One imagines that some fled south to escape the devastated environment. The Herto skulls, and other fossils, reveal that radiations into the tropics, by Eurasian sapiens, had been going on since ancient times. This gene flow had 'modernized' the indigenous erectus, and created an advanced, hybrid population. By 100 thousand years ago there were proto-anatomicly-modern sapiens in S W Asia. The effects of Toba probably precipitated a new radiation of advanced Eurasian sapiens into S W Asia.
By 55 thousand years ago, the East Asian population that had domesticated dogs was established in Central Asia, at the beginning of the interglacial era.

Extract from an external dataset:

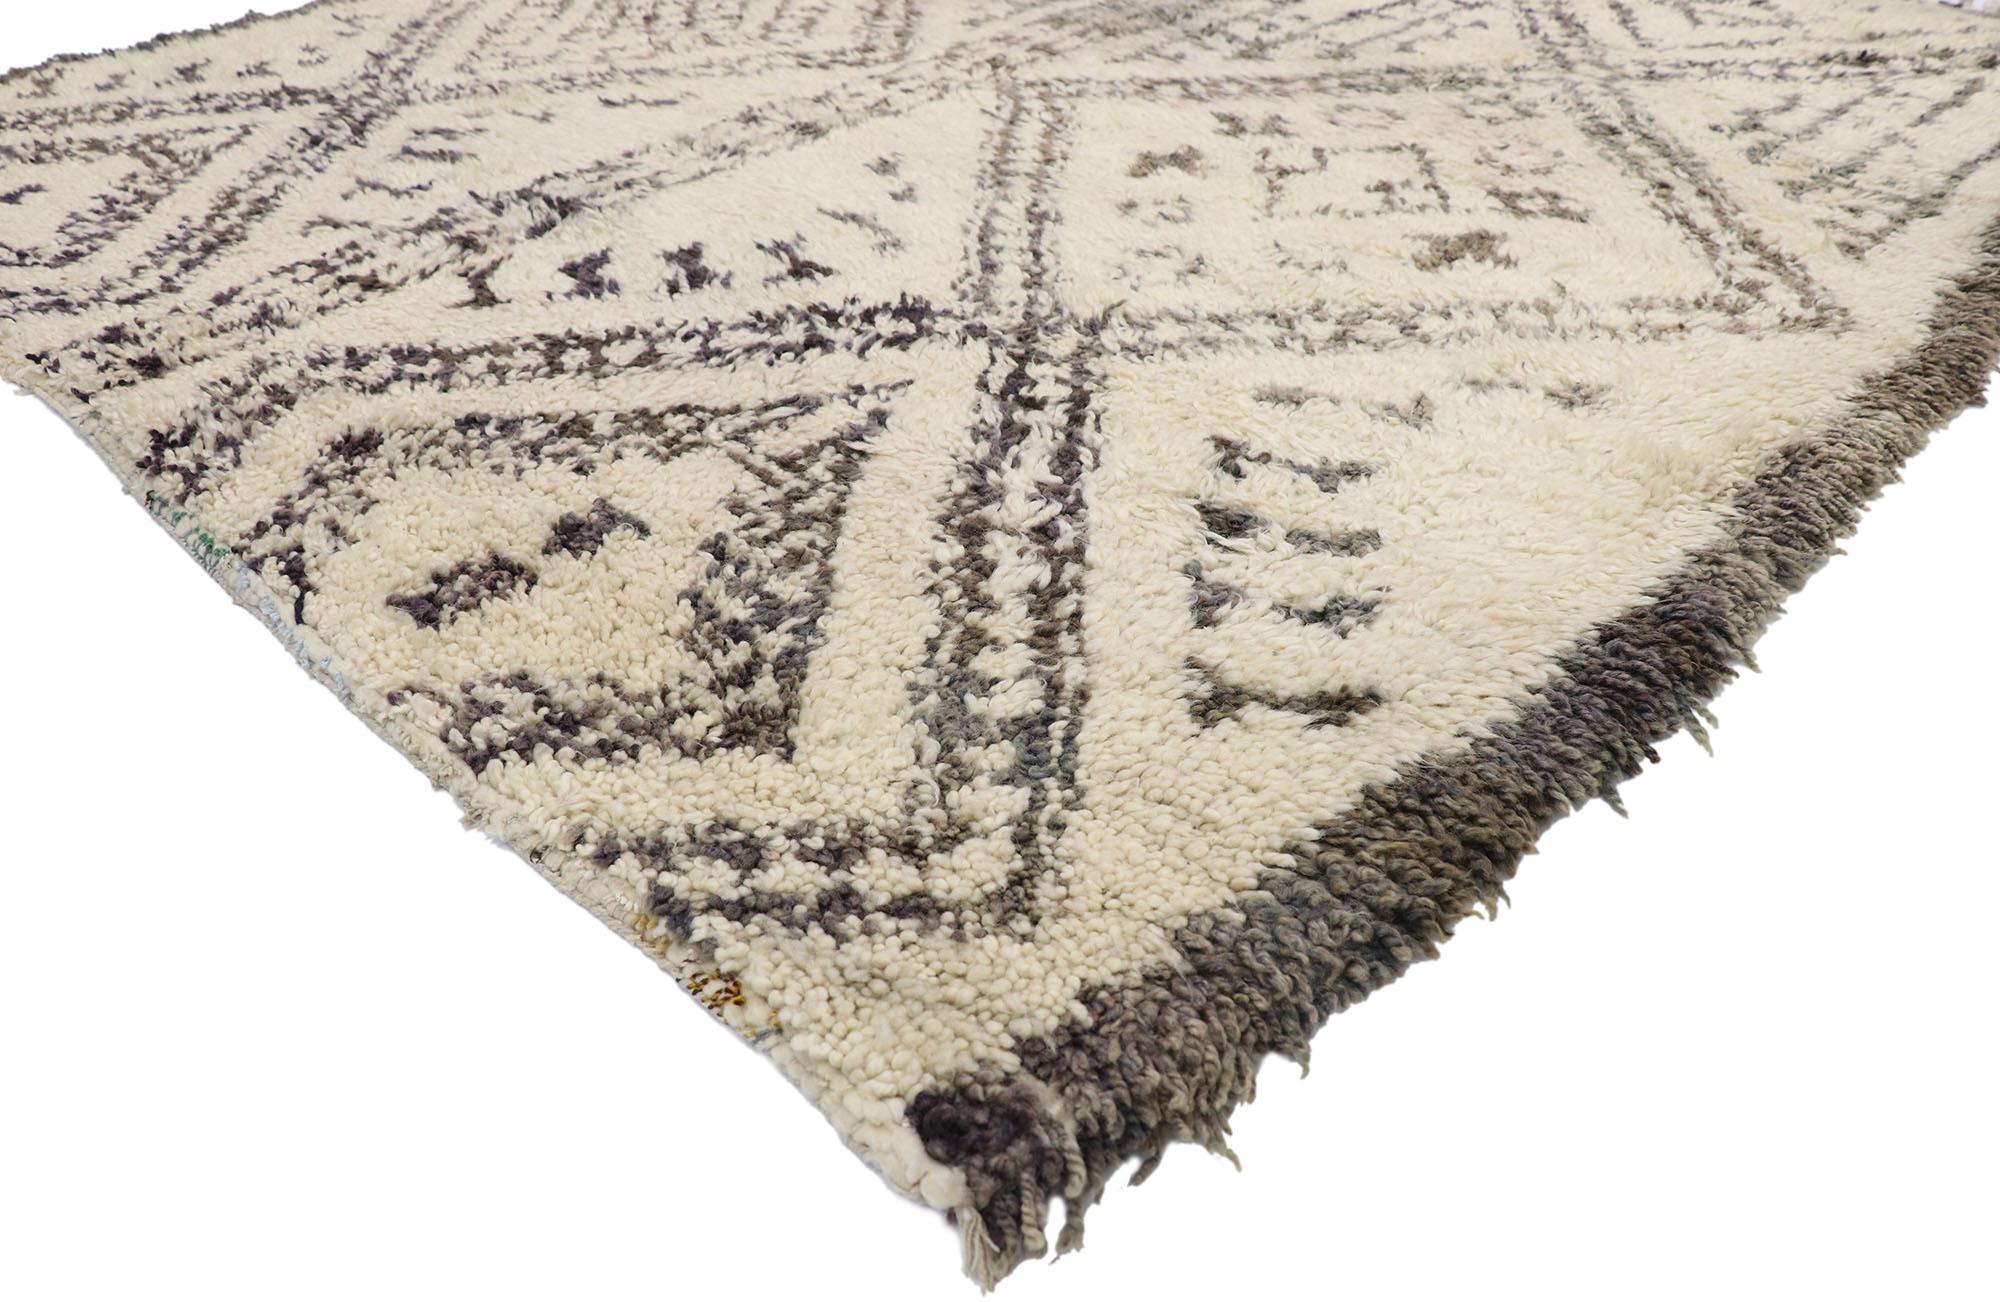 20978 Vintage Beni M'Guild Marokkanischer Teppich mit organischem, modernem Stil, Quadratischer Marokkanischer Teppich 06'08 x 06'08. Dieser handgeknüpfte marokkanische Beni M'Guild-Teppich aus Wolle zeigt zwei vertikale Säulen, die aus

True-human artifacts have been discovered there, dated from 50,000 years ago. From that time on, the Aurignacian culture spread through Europe and S W Asia; the Cro-Magnon type developed and expanded into Europe; the original, East Asian type radiated throughout Asia. The tropics were relatively densely populated by adapted and disease resistant erectus-hybrid populations created by previous radiations of archaic sapiens. Those tropical populations were further hybridized by the initial and subsequent radiation of modern humans. Such populations have persisted into the present era, as revealed by the genetic research discussed in Age and Origin of the Human Species.